Originally commissioned by Napoléon Bonaparte, the iconic structure in Paris changed hands multiple times before its completion 180 years ago

It was exactly 180 years ago today that the Arc de Triomphe was inaugurated in Paris as a symbol of the France’s military strength. Situated in the center of the Place Charles de Gaulle, at the western end of the Champs-Élysées, the Arc de Triomphe has become one of the most recognizable monuments in the world. Yet, the 30 years it took to create the structure were full of drama and setbacks. It all began in 1806, when the first stone was symbolically placed on August 15, Napoléon Bonaparte’s birthday. As the emperor of France and a strong proponent of public art, Napoléon had commissioned architect Jean Chalgrin to design the military monument. Inspired by the Arch of Titus, which was built in the first century in Rome, Chalgrin’s neoclassical vision consisted of a single arched building that used its four columns not for decorative purposes but as a practical means to support the entire structure.

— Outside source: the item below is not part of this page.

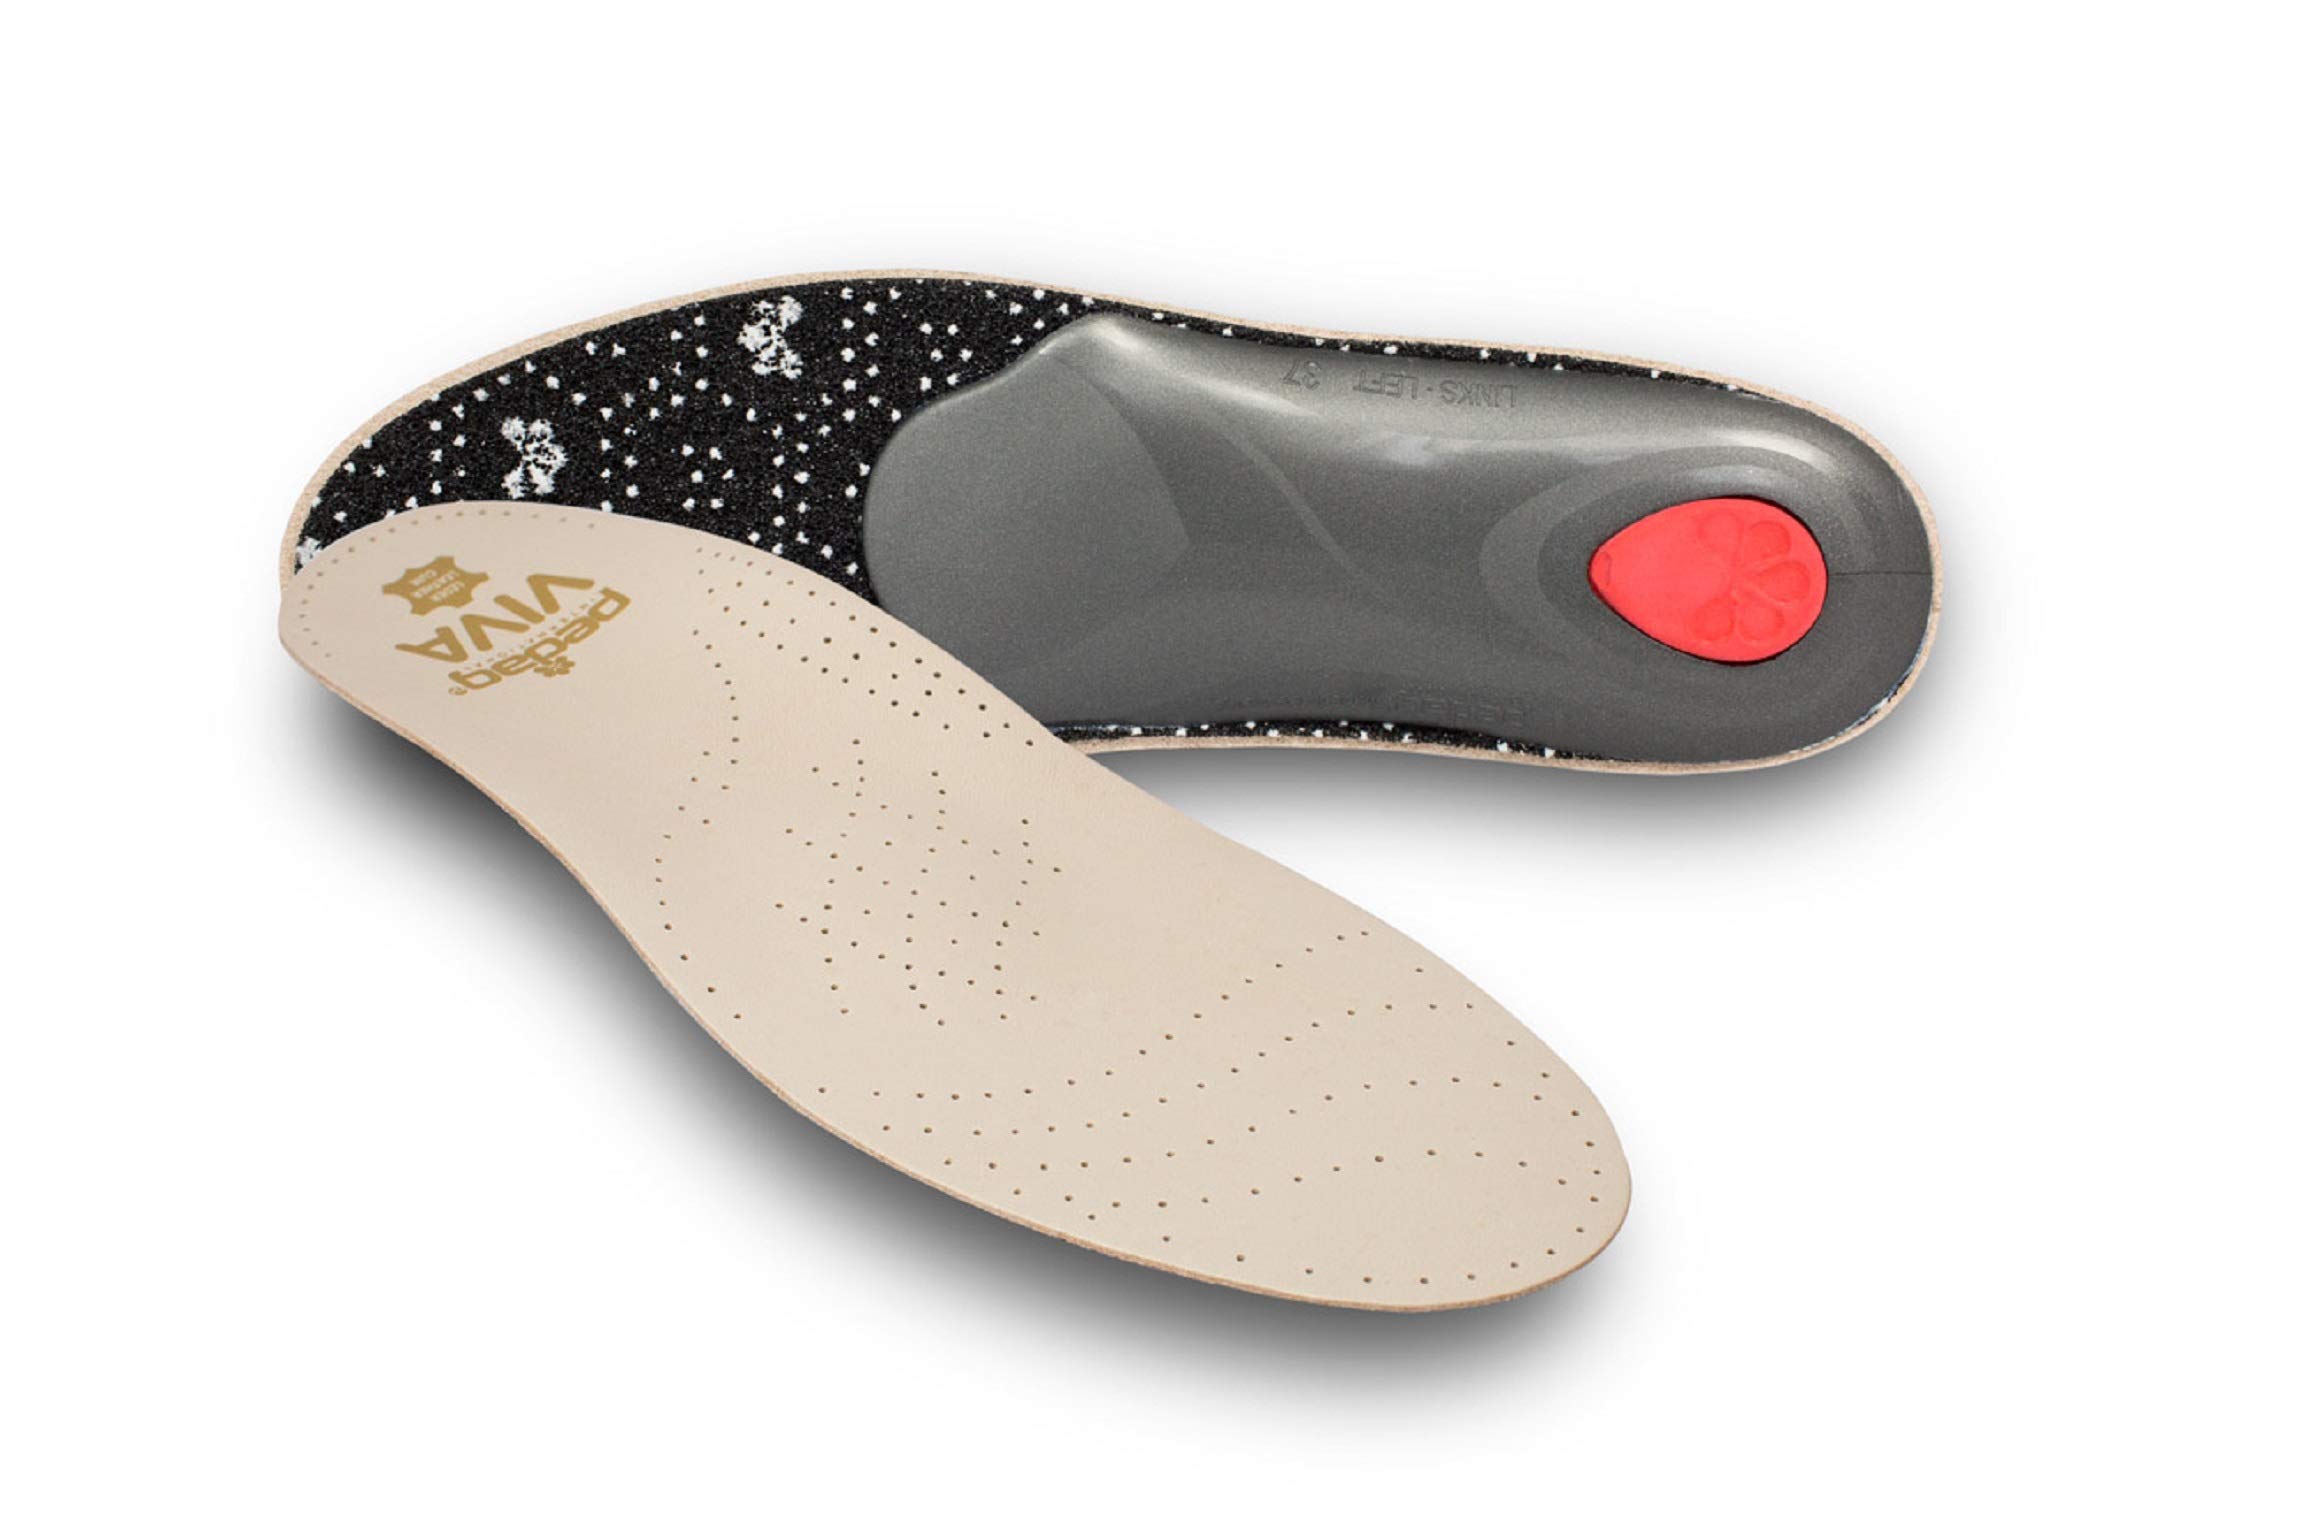 pedag Viva Leder Einlegesohlen – für komfortables Gehen|extra dünnes & leichtes Fußbett | passt in alle flachen Schuhe | wirkt vorbeugend & lindert Fußschmerzen sowie Rückenbeschwerden

The grand project was halted when Chalgrin died, and in 1814, Napoléon lost the throne. For a decade, construction completely ceased. That continued until King Louis XVIII called for work to begin once more. In a departure from Napoleon’s initial vision, King Louis XVIII hired architect Jean-Nicolas Huyot (a former student of Chalgrin) to complete the project; the ruler also dedicated the massive work of public art to his nephew, who had just led a strong military campaign in Spain.

In July of 1830, a revolution swept through France, and Louis-Philippe became the new ruler. Under his watch, Huyot was fired as lead architect and replaced by Guillaume-Abel Blouet in 1832, with Chalgrin’s original plans carried out to completion four years later.